** Data shown follows **

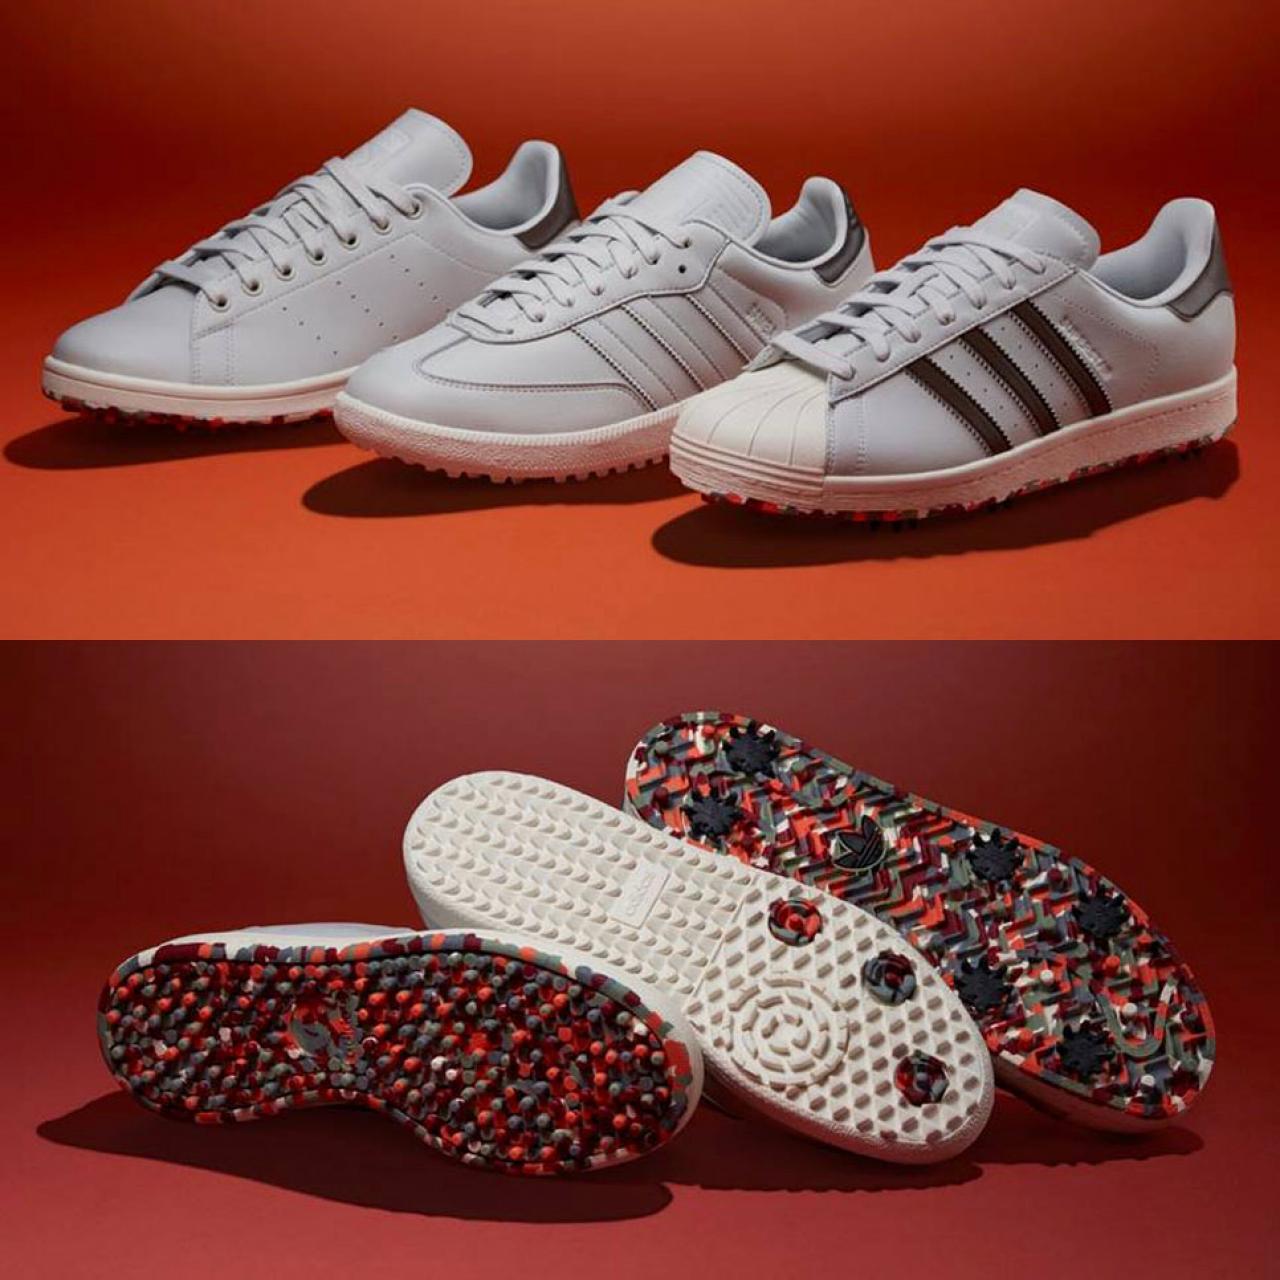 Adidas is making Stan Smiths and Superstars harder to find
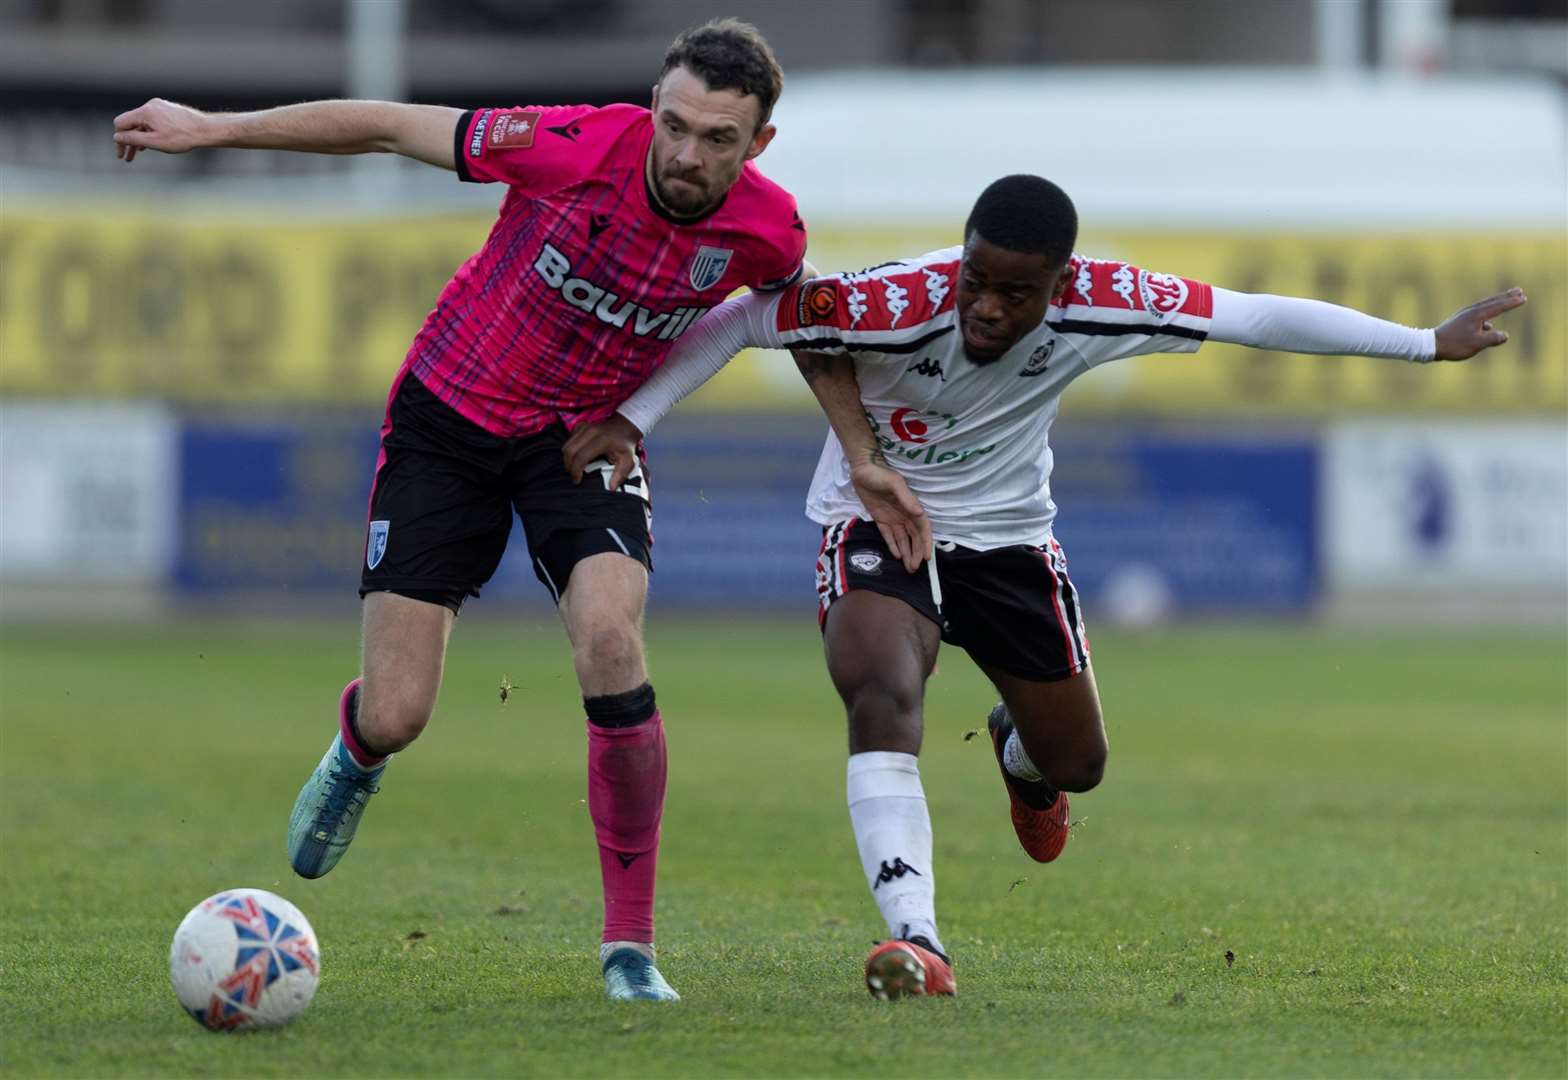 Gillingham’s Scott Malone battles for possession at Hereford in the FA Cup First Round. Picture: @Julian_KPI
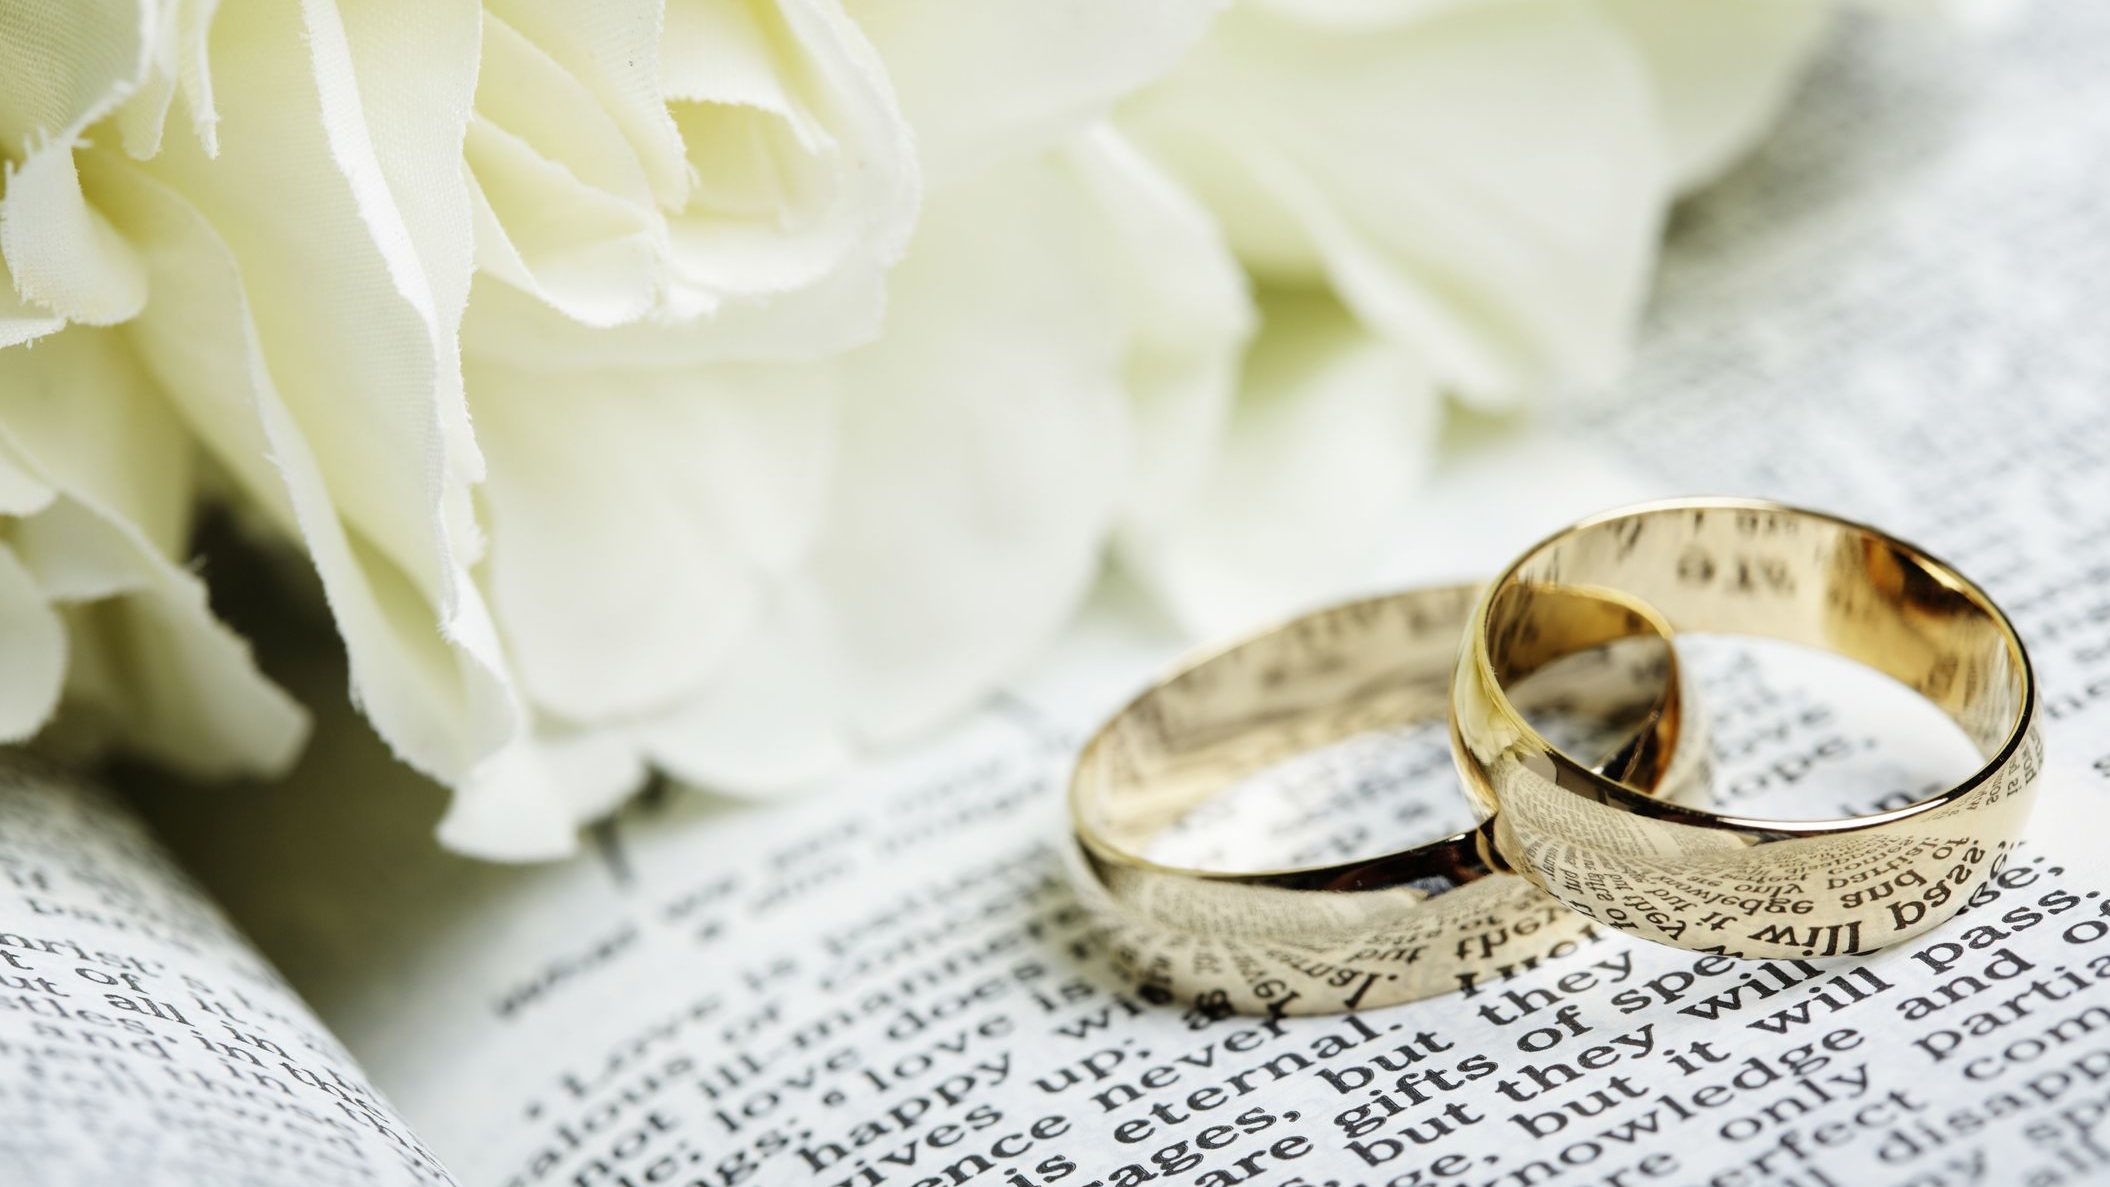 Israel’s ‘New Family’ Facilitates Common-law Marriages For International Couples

** End of Data shown **

## [Description of the task]
Transcribe every line of the listing above exactly; skip the pictures.

## [Reply to the exercise]
 Adidas is making Stan Smiths and Superstars harder to find
 Gillingham’s Scott Malone battles for possession at Hereford in the FA Cup First Round. Picture: @Julian_KPI
 Israel’s ‘New Family’ Facilitates Common-law Marriages For International Couples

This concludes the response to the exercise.